If your structure isn’t right, even loads of muscle won’t make your budo strong.

There is always someone more muscular. I used to train with a guy who was a good 15 cm (6 inches) taller, 80 pounds heavier, and able to lift me off my feet without using any sort of judo technique. He was powerful and he could throw people around, but he wasn’t doing judo. His raw muscular strength got in the way of him learning good technique. He could jerk people so hard they were off balance from the force of the pull and then he would throw them by manually lifting them into position, but that wasn’t budo.

What frustrated this guy was that even though I was 80 pounds lighter and significantly weaker, he couldn’t throw me but I could throw him, hard. He was strong enough to pick me up off my feet, something I could only do to him with the help of winch, and yet I was the one doing the throwing. I used good structure to hold my partner off without getting tired. If I tried to go muscle to muscle with any of the big guys, I’d be exhausted and beaten in moments. Power doesn’t come from strength, it comes from structure and technique. If I let my structure absorb their power and redirect it into the ground, I can still go many rounds with the big 20-somethings in the dojo.

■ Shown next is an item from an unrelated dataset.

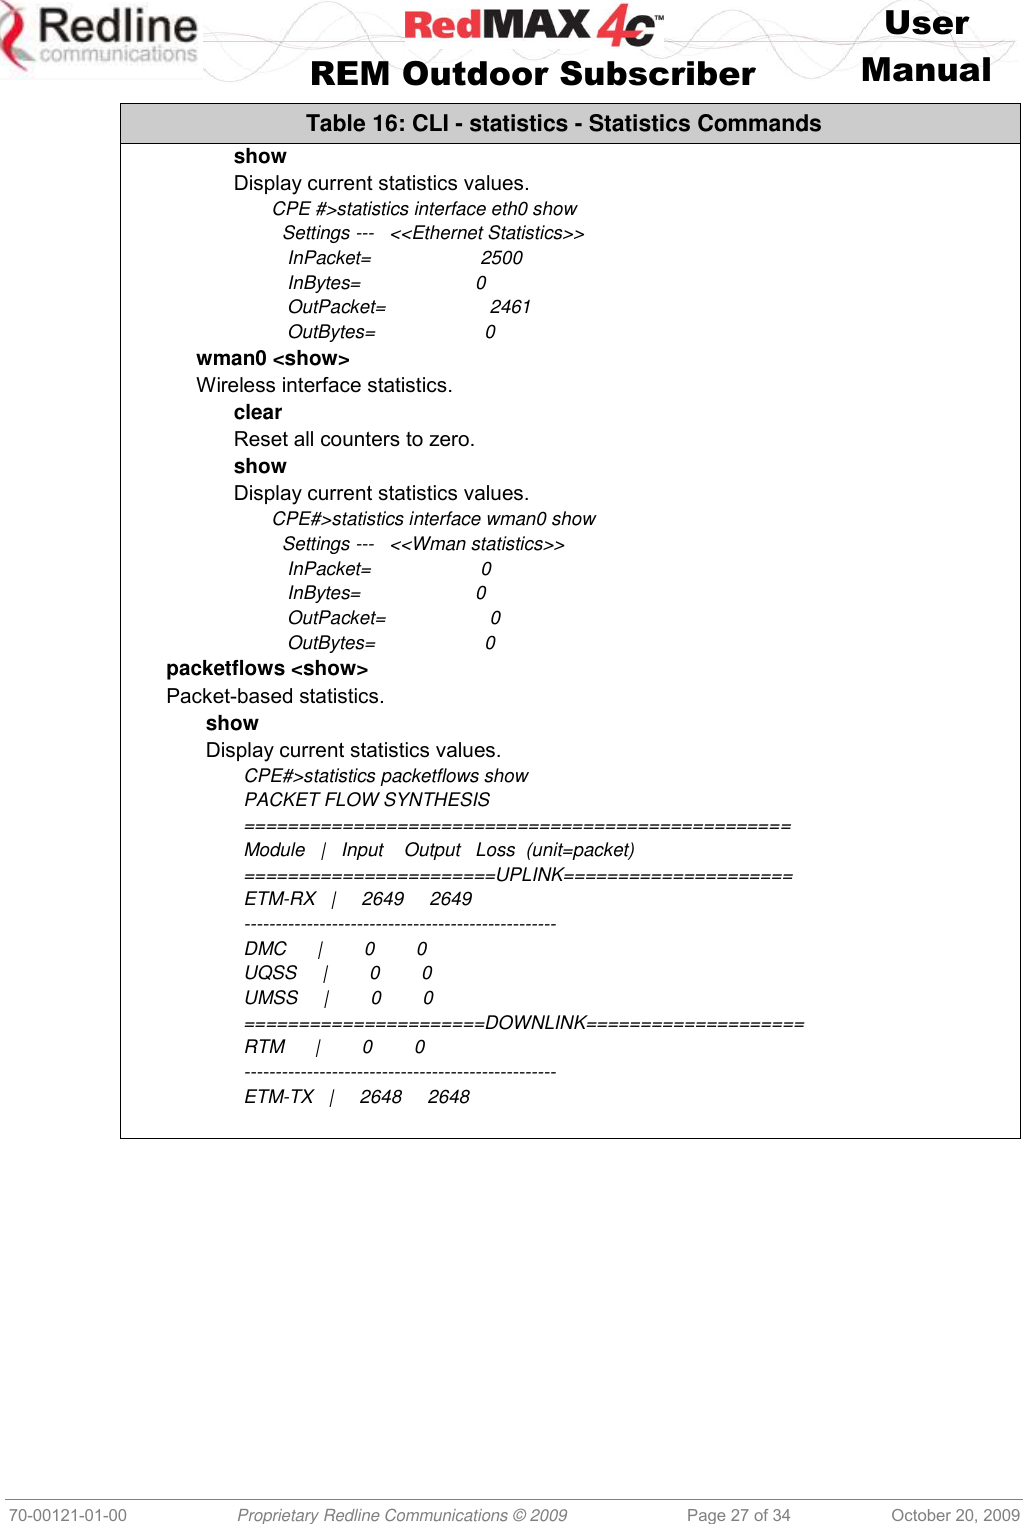    User   REM Outdoor Subscriber  Manual   70-00121-01-00 Proprietary Redline Communications © 2009 Page 27 of 34 October 20, 2009 Table 16: CLI - statistics - Statistics Commands show Display current statistics values. CPE #&gt;statistics interface eth0 show   Settings ---   &lt;&lt;Ethernet Statistics&gt;&gt;    InPacket=                     2500    InBytes=                      0    OutPacket=                    2461    OutBytes=                     0 wman0 &lt;show&gt; Wireless interface statistics. clear Reset all counters to zero. show Display current statistics values. CPE#&gt;statistics interface wman0 show   Settings ---   &lt;&lt;Wman statistics&gt;&gt;    InPacket=                     0    InBytes=                      0    OutPacket=                    0    OutBytes=                     0 packetflows &lt;show&gt; Packet-based statistics. show Display current statistics values. CPE#&gt;statistics packetflows show PACKET FLOW SYNTHESIS ================================================== Module   |   Input    Output   Loss  (unit=packet) =======================UPLINK===================== ETM-RX   |     2649     2649 -------------------------------------------------- DMC      |        0        0 UQSS     |        0        0 UMSS     |        0        0 ======================DOWNLINK==================== RTM      |        0        0 -------------------------------------------------- ETM-TX   |     2648     2648

Just as a building with a flawed structure will quickly collapse under pressure, a person with bad structure is quickly demolished by an adversary. Good structure is not only the key to withstanding pressure, it is fundamental to projecting your power outward. You can only project as much force as your structure can support. Exceed that limit and you will crumble rather than your target. Boxers wrap their hands and wear gloves to improve the structure of their hands so they can deal with the forces they generate when punching. Take off those gloves and all the wrapping and boxers would be breaking the bones in their hands with the power generated by their technique.

If your structure can’t handle the forces you are generating, then your technique will never be able to generate power. Building a good structure is the first step to generating great power. Build a good structure and you build and project power effectively. Good structure also neutralizes other people’s power. That’s how you deal with bigger, stronger and faster. You have a structure that is stable under attack.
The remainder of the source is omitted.